Supplied information
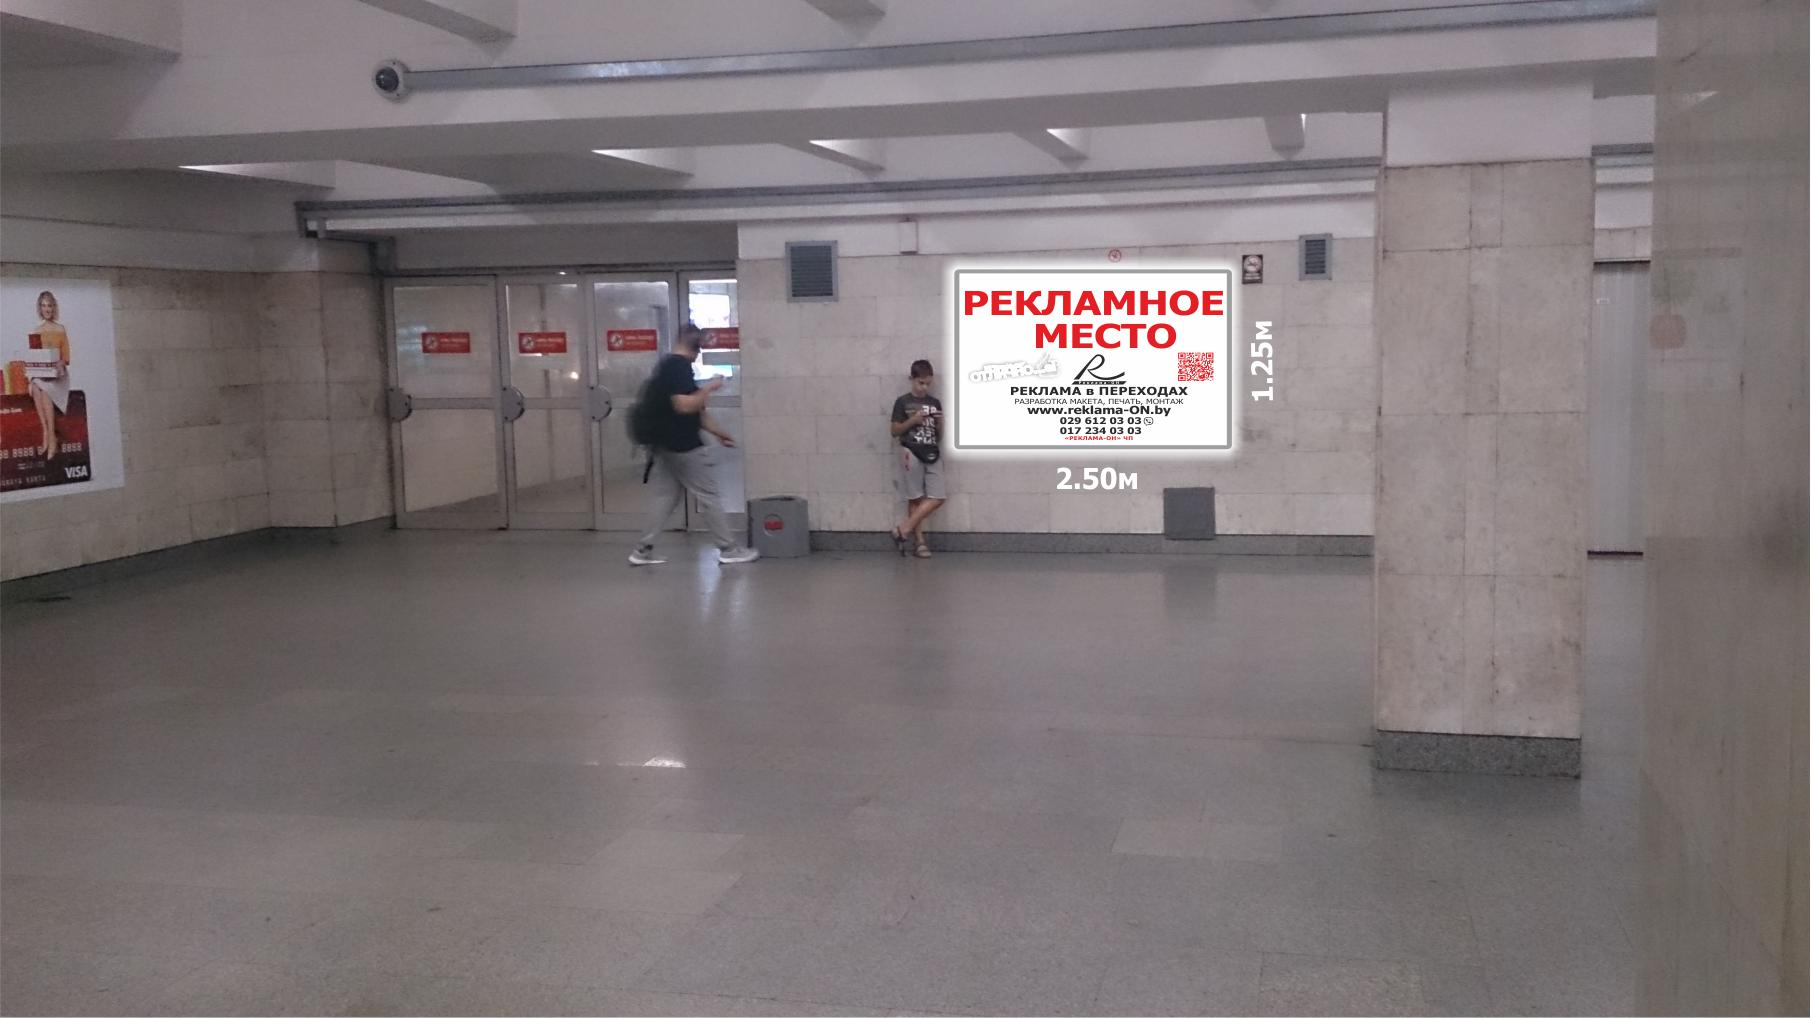 Ультраяркий световой лайтбокс на станции метро Партизанская (переход) reklama-on.by
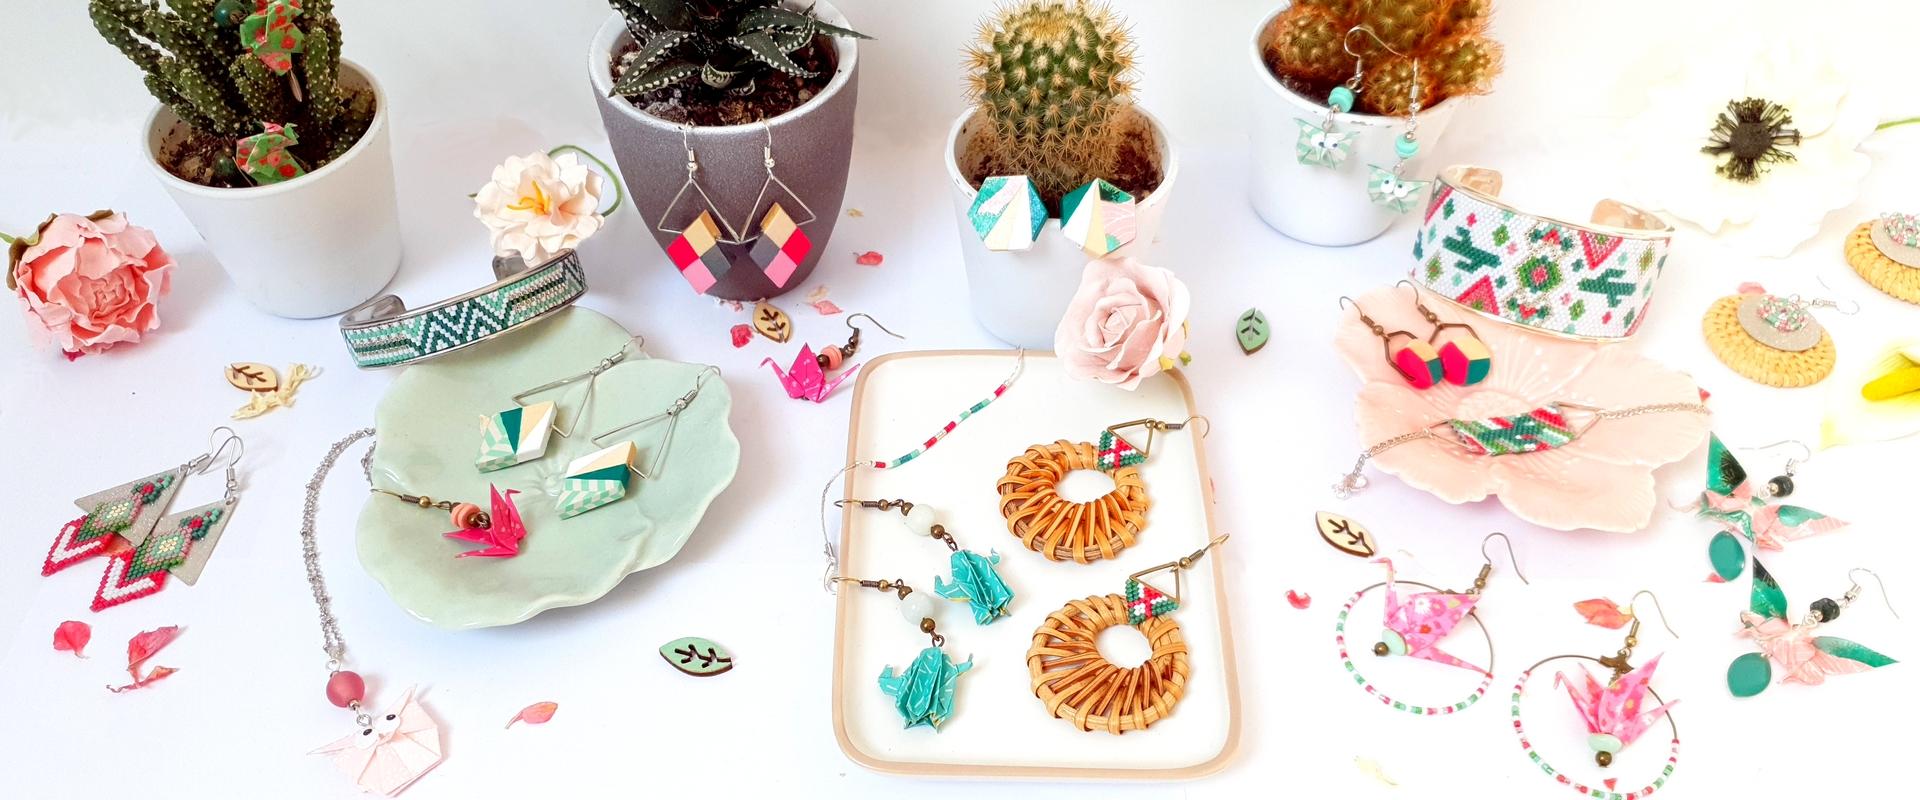 Gebetnout bijoux fantaisie lyon mode tendance bijouterie femme Annecy artisan collection printemps incahuasi rose vert cactus bolivie uyuni
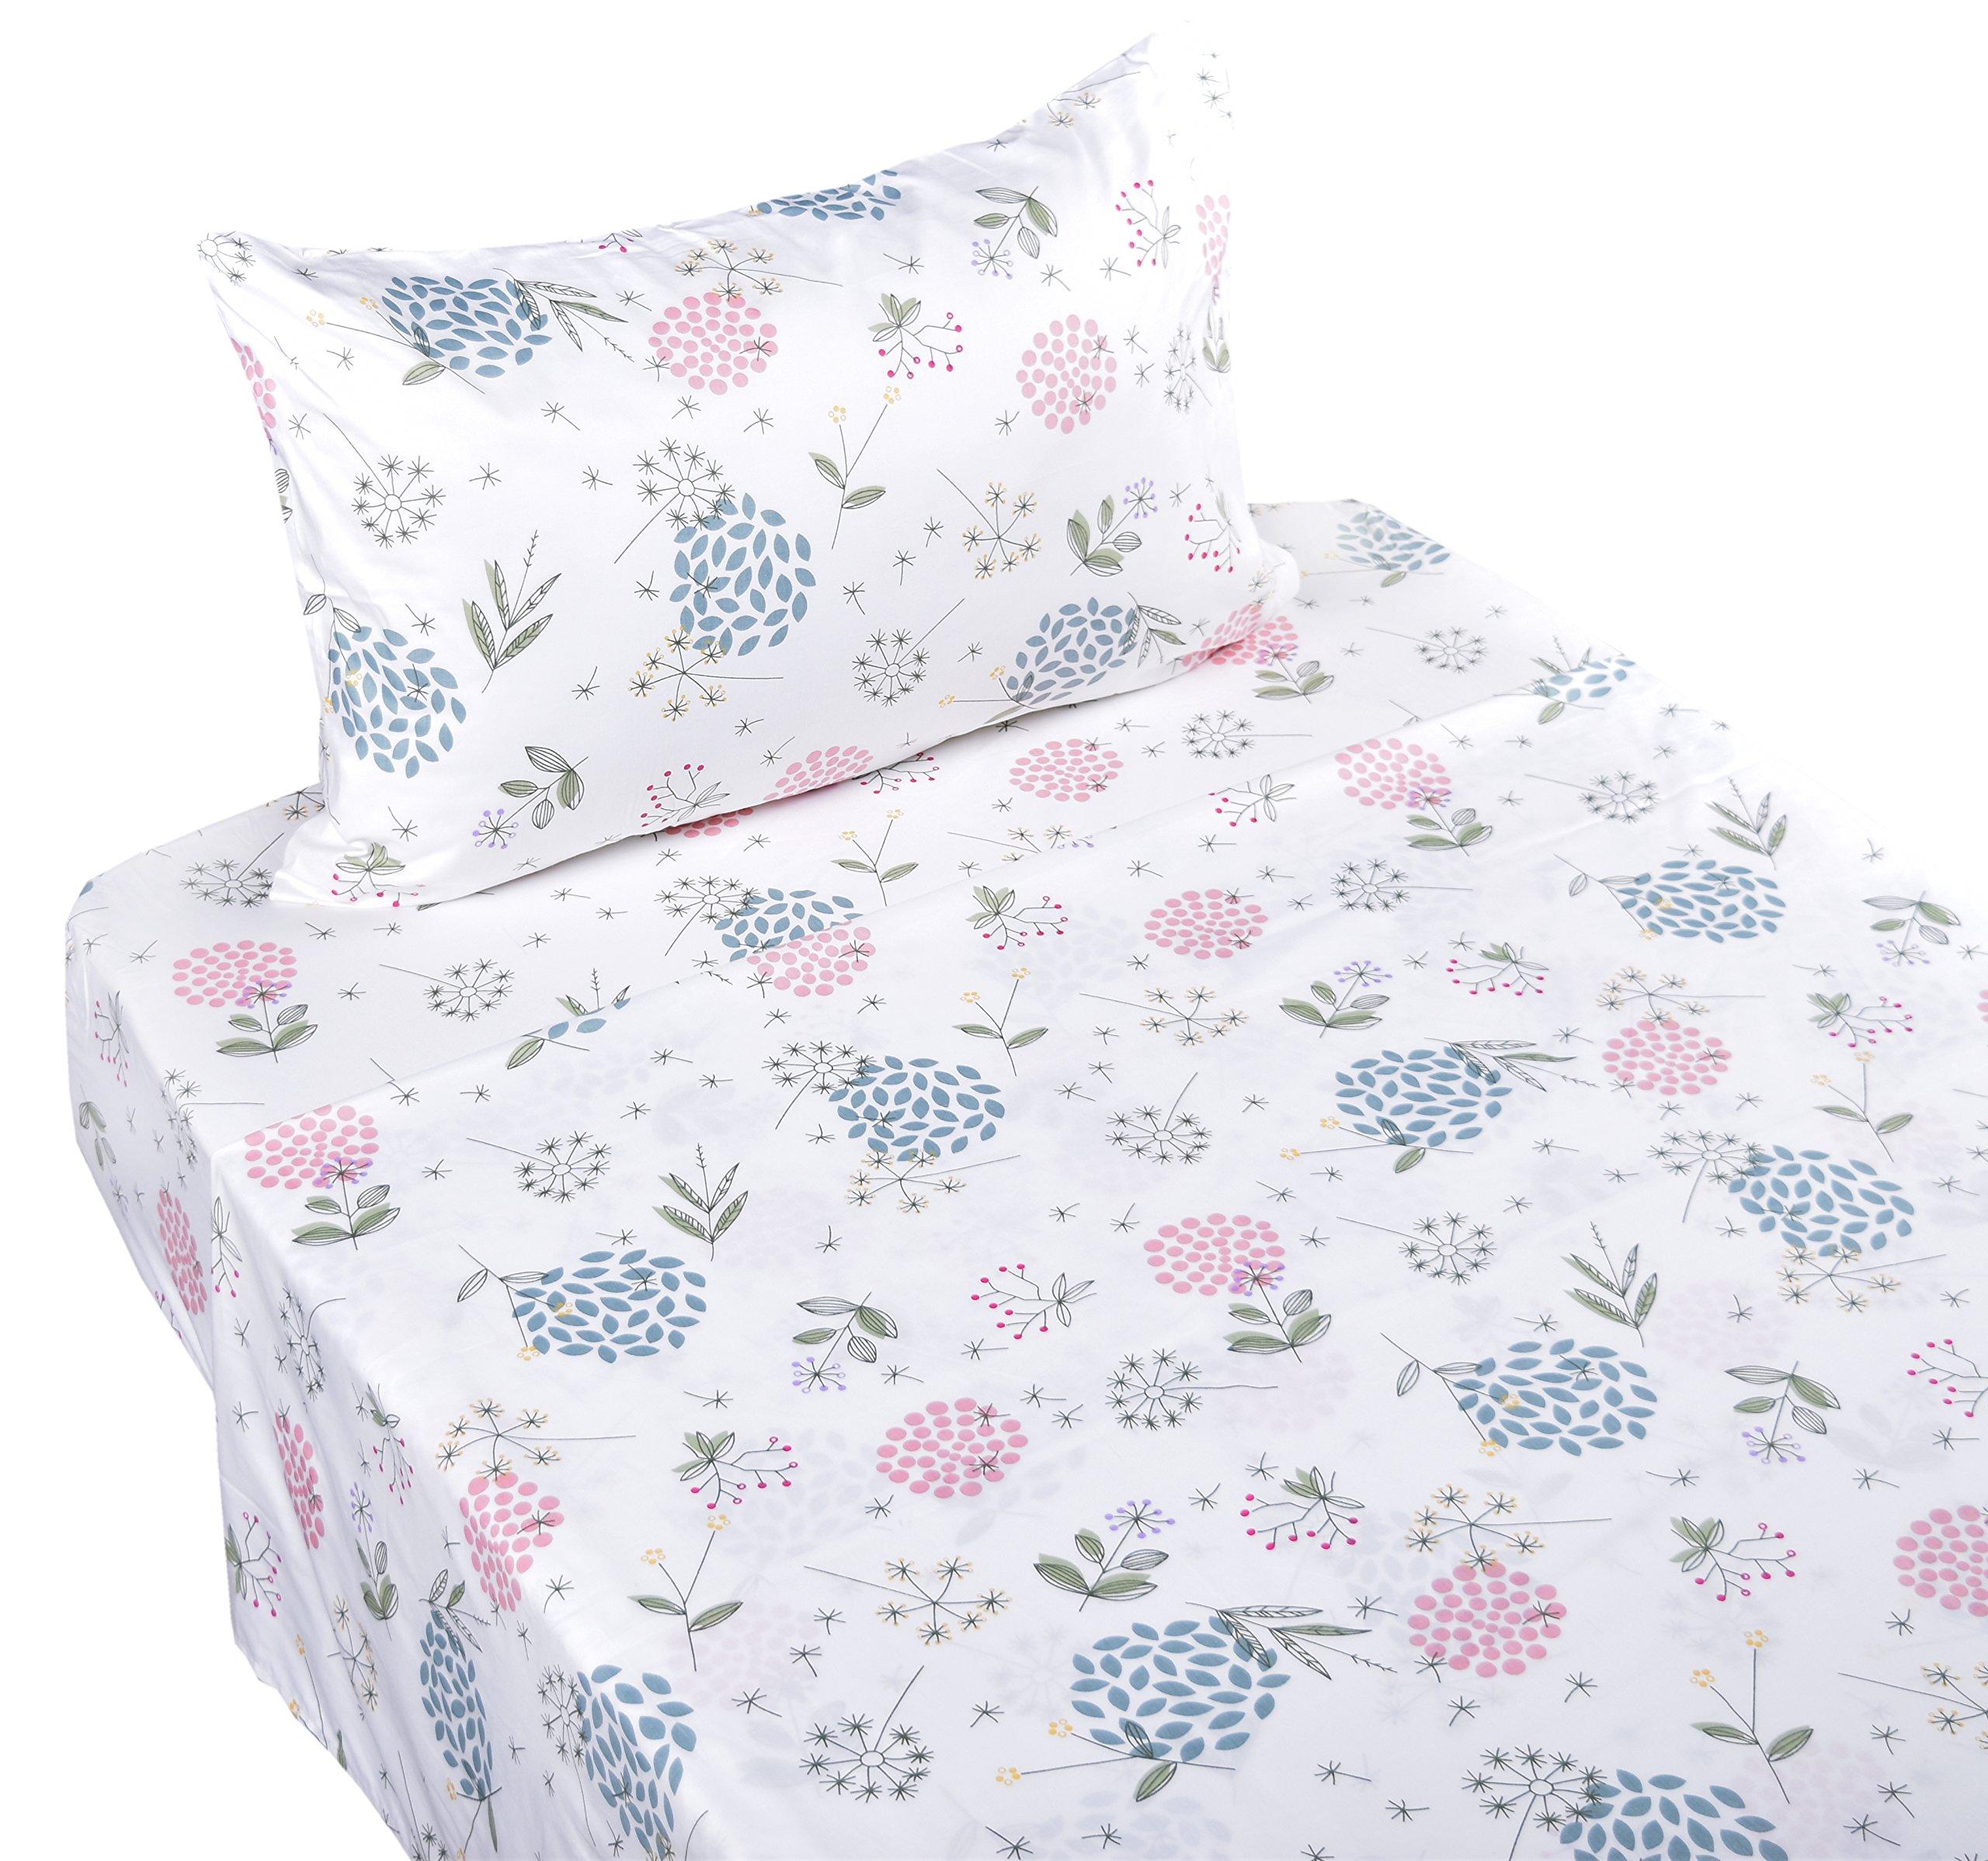 J-pinno Dandelion Flower Dancing in Wind Lovely Twin Sheet Set for Kids Boys Girls Children,100% Cotton, Flat Sheet + Fitted Sheet + Pillowcase Bedding Set

Problem
Once the pictures are set aside, output the whole listing exactly.

Solution to the problem
 Ультраяркий световой лайтбокс на станции метро Партизанская (переход) reklama-on.by
 Gebetnout bijoux fantaisie lyon mode tendance bijouterie femme Annecy artisan collection printemps incahuasi rose vert cactus bolivie uyuni
 J-pinno Dandelion Flower Dancing in Wind Lovely Twin Sheet Set for Kids Boys Girls Children,100% Cotton, Flat Sheet + Fitted Sheet + Pillowcase Bedding Set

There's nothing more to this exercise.